Day 0 is considered a settling period due to the very slow growth observed experimentally during it (Figure 4). Simulations are started at day 1, using the experimentally reported mean and SD for cell density at day 1 to inform the initial cell density in the model. All paired values for β and P which are found to match growth at day 3 are then evaluated by their ability to predict growth at day 5 as described in section ‘Parameterisation’.

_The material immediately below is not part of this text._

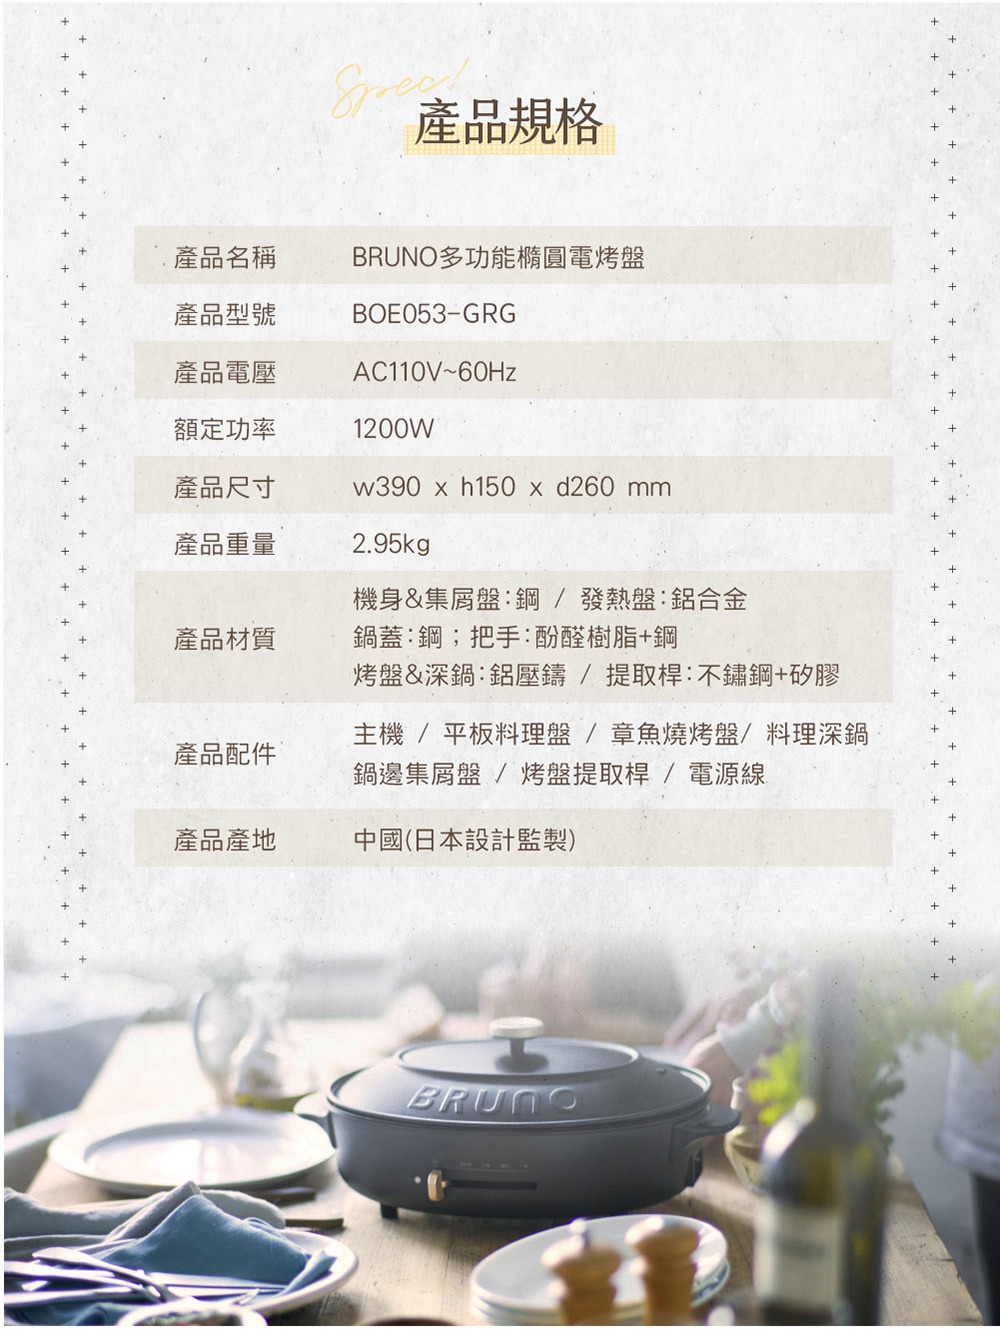 BRUNO BOE053 BK-CE橢圓形電烤盤產品規格表。

Hypothesis: floating of microcarriers and increase in surface area

It is observed that the growth between days 3 and 5 increases substantially for all but one of the microcarrier materials. In line with reports characterising these bioactive glass compositions,16 it is hypothesised that during microcarrier clustering, glass is dissolved and replaced by cells and cell-secreted ECM, resulting in increase in the buoyancy of the clusters and allowing them to float. This is observed experimentally as well, with some level of detachment of the microcarriers from the bottom detected. Since the carriers are 3D objects, this would free up more space for the cells to attach, effectively doubling the available area and increasing the rate of proliferation of the cells.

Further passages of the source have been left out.